The topic for this project is "Up and Coming Video Games," and was selected from browsing the field of eSports (a form of competition using video games) and the video game industry itself. The industry continues to grow, therefore giving a wide availability of content from various social media, company, and gaming platforms. The given task was to analyze the key aspects of video games to predict what next type of video game will be successful and popular to players.
This data would help potential clients pick which creators to support, or help with decisions among their own creative teams to create a successful and popular video game.
Using Steam library data, we wanted to determine what features make a video game successful or “popular” to players, and to predict a video game's popularity or success based on given features.
- What features determine a video game’s popularity or success?
- What relations are there between a game’s rating and genre or popular tags?
From Kaggle.com:
- Steam Store Games (Clean dataset)
- Combined data of 27,000 games scraped from Steam and SteamSpy APIs (May 2019)
- Creator: Nik Davis
- Steam Games Complete Dataset
- 40k Steam Games Dataset from Steam shop with detailed data. (June 2019)
- Creator: Alexander Antonov
Final Presentation: Google Slides
Storyboard: Tableau
Utilized Pandas within Jupyter Notebook to explore the datasets and perform cleaning to produce two CSVs: Popular_Tags.csv and Genre.csv.
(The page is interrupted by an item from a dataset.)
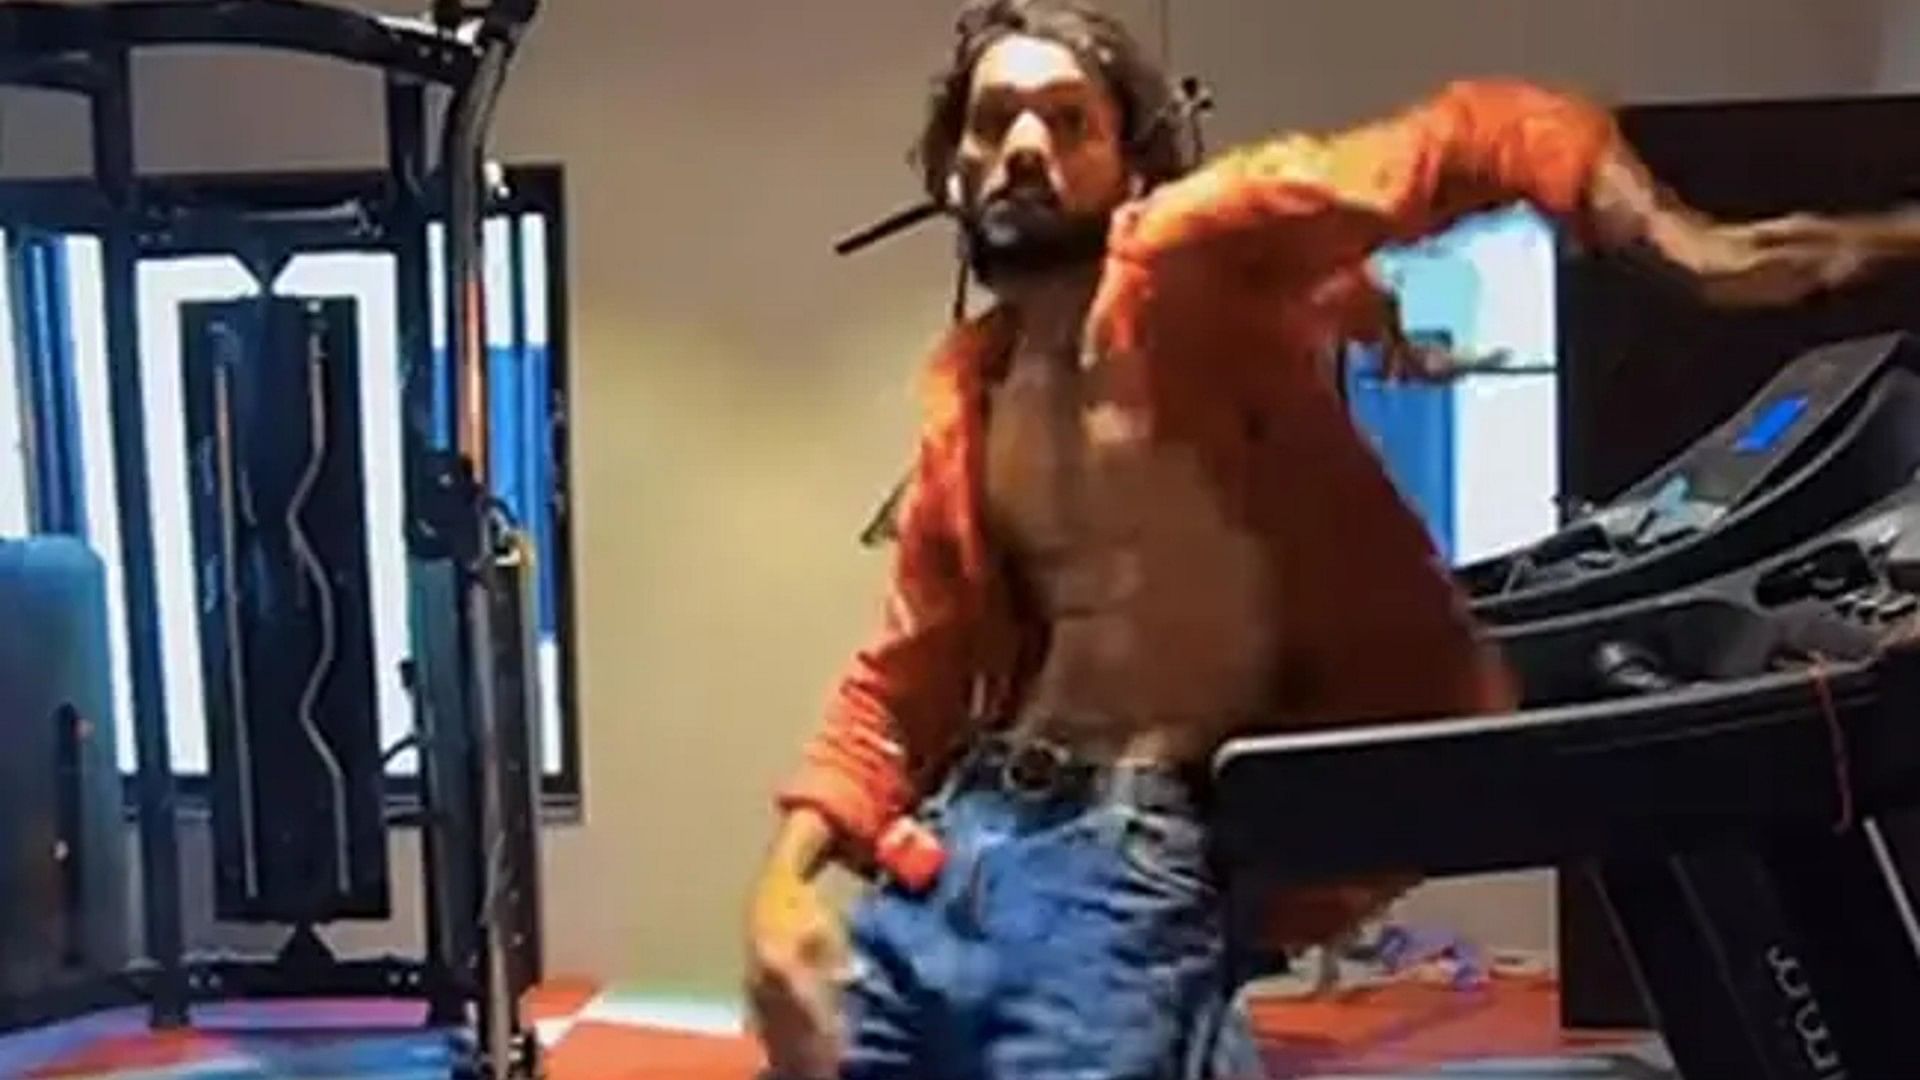 Trending Video: Person did tremendous dance on the song Hay Rama on treadmill

Each contain the video game name, positive review percentage, and split subsequent tags or genre categories.
Further cleaning and analysis was performed using Excel to catch minute errors within the rows of data to allow for clean imports into Postgres, Tableau, and for the machine learning portion.
PostgresSQL was selected for data storage, and a connection string was created to connect to the machine learning notebooks.
The Machine Learning model used for both popular tags and genre was a Logistic Regression Model. The target variable for both models was the "percent_positive_reviews" and the features were the popular tags and genre respectively. The accuracy score for the popular tags Logistic Regression Model was 73%, while the accuracy score for the genre Logistic Regression Model was 70%.
Full report available within Machine Learning Model folder.
Tableau used for visualization creation and for dashboard. The software was also utilized for minor data cleaning when outliers presented themselves within the data sets.
Based on results, the following were determined to be the top areas that a client or creator should take into consideration when creating a popular video game.
- Indie
- Singleplayer
- Action
- Adventure
- Great Soundtrack
- Casual
- Multiplayer
- Strategy
- Atmospheric
- RPG
- Indie
- Action
- Adventure
- Casual
- Strategy
- RPG
- Simulation
A client who is creating a video game startup company may want to consider creating video games that fall under the top 10 popular tags and top 7 genres listed above. After the first year of operation, it is recommended to go ahead and run another set of analyses on the company's success during its first year. Modifications will be made according to the new results each year to make sure that the company is up to speed with its competitors.